You can find a summary of the Dasish Workshop in the blogpost of Kirsty Lee (who attended the whole 2 days!) http://libraryblogs.is.ed.ac.uk/bitsandpieces/

Reflections on iPRES 2014

Perseverance Hotel, Brunswick Street, Melbourne

Recently after 22 hours of flying I attended the iPRES 2014 conference in Melbourne, which was an awesome experience. How often does one have a chance to discuss aspects of the profession of digital preservation with no need of explaining the obvious? Meeting 200 colleagues, gathered in the beautiful State Library of Victoria, was an excellent opportunity to exchange ideas. And because there is no top ten of the buzzwords and no evidence of what was discussed during the breaks, the lunches and the dinners, I will summarize some highlights that inspired me.

First of all: everyone is worried about the fact that we constantly need to defend ourselves. Even in large organisations with mandates to preserve digital material, repeatedly higher management need to be persuaded to think about the consequences of this mandate. What is wrong? I personally wonder whether we use the right language, or as I said in the panel on Friday, maybe we lack the skills of framing digital preservation properly. How to describe an abstract concept of long term preservation to the non-initiated? Our message is often too complicated, speaks of problems and high costs without sketching the clear benefits and does not appeal to the imagination. This is a threat for our profession, as many colleagues agreed.

The second topic was about involving other disciplines in digital preservation, like the industry and science. Mixing ideas from different disciplines might lead to new ideas and innovations. It is important to convince these disciplines of the importance of digital preservation for their business, research or simply their sustainability and our knowledge can help them to get up to speed, while they can help us to make the next step forward. For this we need to develop a language understood by all parties. ( I’ll ignore the fact that the week started with a discussion about whether it is digital preservation, digital curation, data science or whatever term you could use – in my view this discussion distracts us from the main problem.)

But we all expected great benefits of more collaboration amongst the current preservationists, although there are some aspects that need to be taken into consideration. Collaboration without a clear benefit for the participants is doomed to fail. Sometimes projects might lead to good results, but these projects require an organisation and funding. Chances for these kind of projects are little in the current economical climate. But on a smaller scale the magic of the conference atmosphere led to new initiatives between a few individuals to exchange information, do something together or to really start working on an old idea.
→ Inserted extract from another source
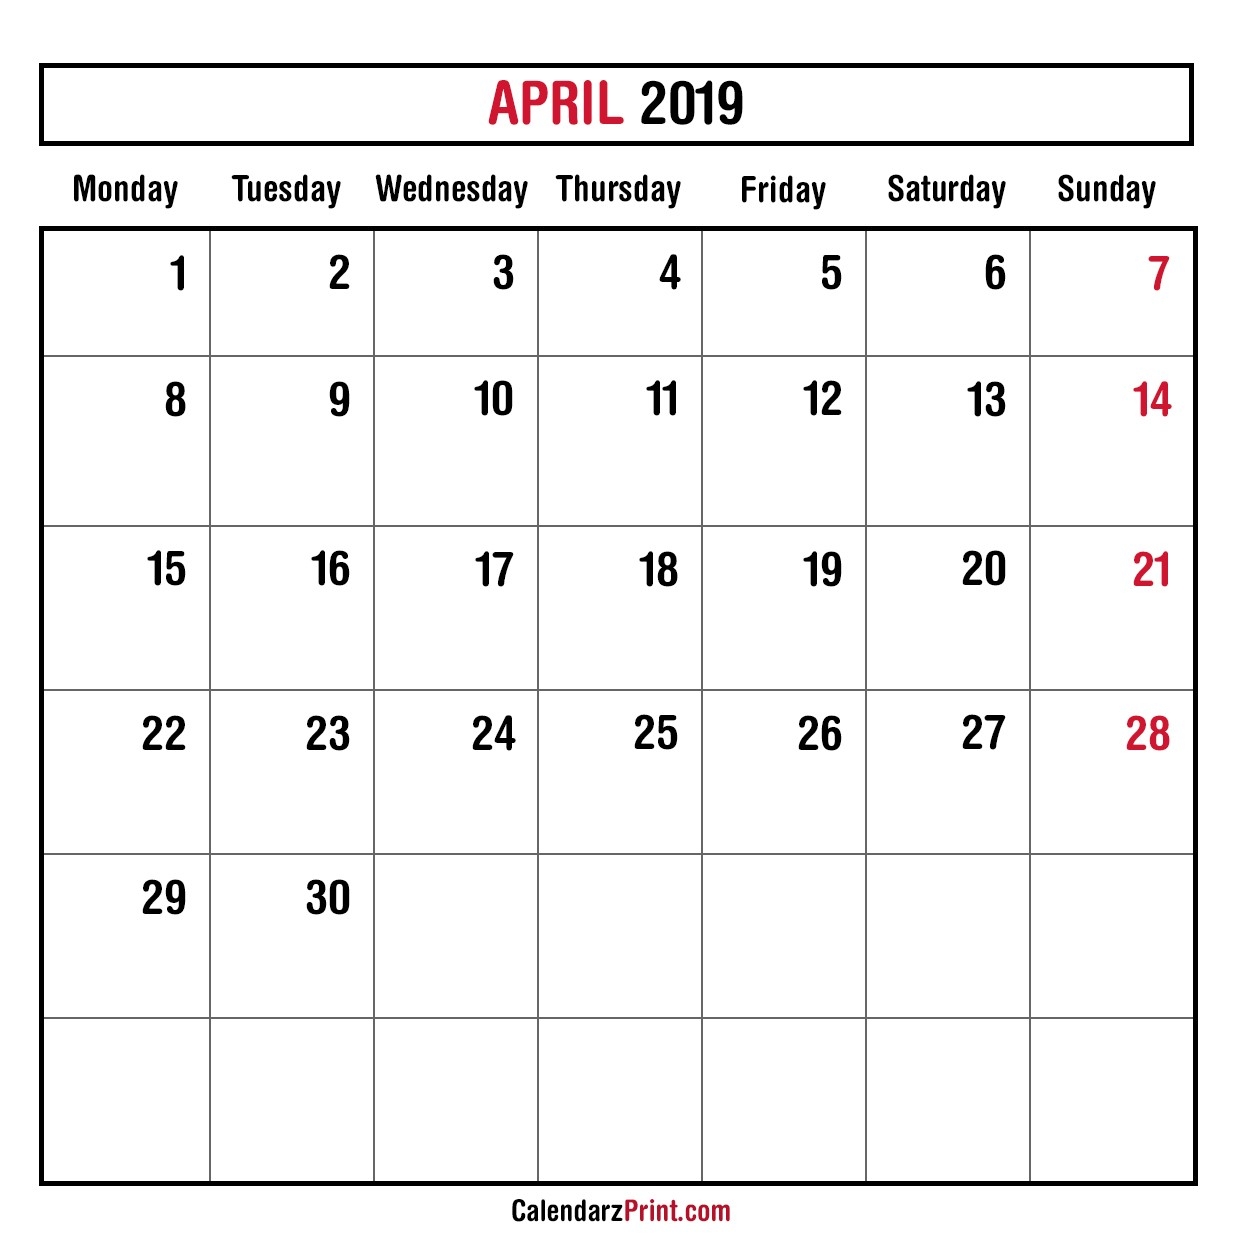 Monthly Planner April 2019 – Printable – Monthly Calendar-Monthly Calendar Starts On Monday

The final buzzword on the conference was the DPTR: the Digital Preservation Technical Registry. An initiative to develop a file format registry, with a new data model and filled with information from existing registries. Currently it is a proposal under Horizon 2020, based on work done by the National Library and Archive New Zealand and National Library of Australia. There were mixed feelings about this initiative. One the one hand all agreed that the current registries fail for various reasons and that a good format registry is an absolute must. But what are the “lessons learned” about the previous – not so successful registries? Were these lessons incorporated in this new proposal? And was this new proposal not another example of technique first and then use cases?

It were the presentations  – which will be published soon – that gave us new food for thought but I’m convinced that the discussions during the breaks really gave us renewed energy to proceed with the challenge of digital preservation, although it took another 20 hours flying before I was back home!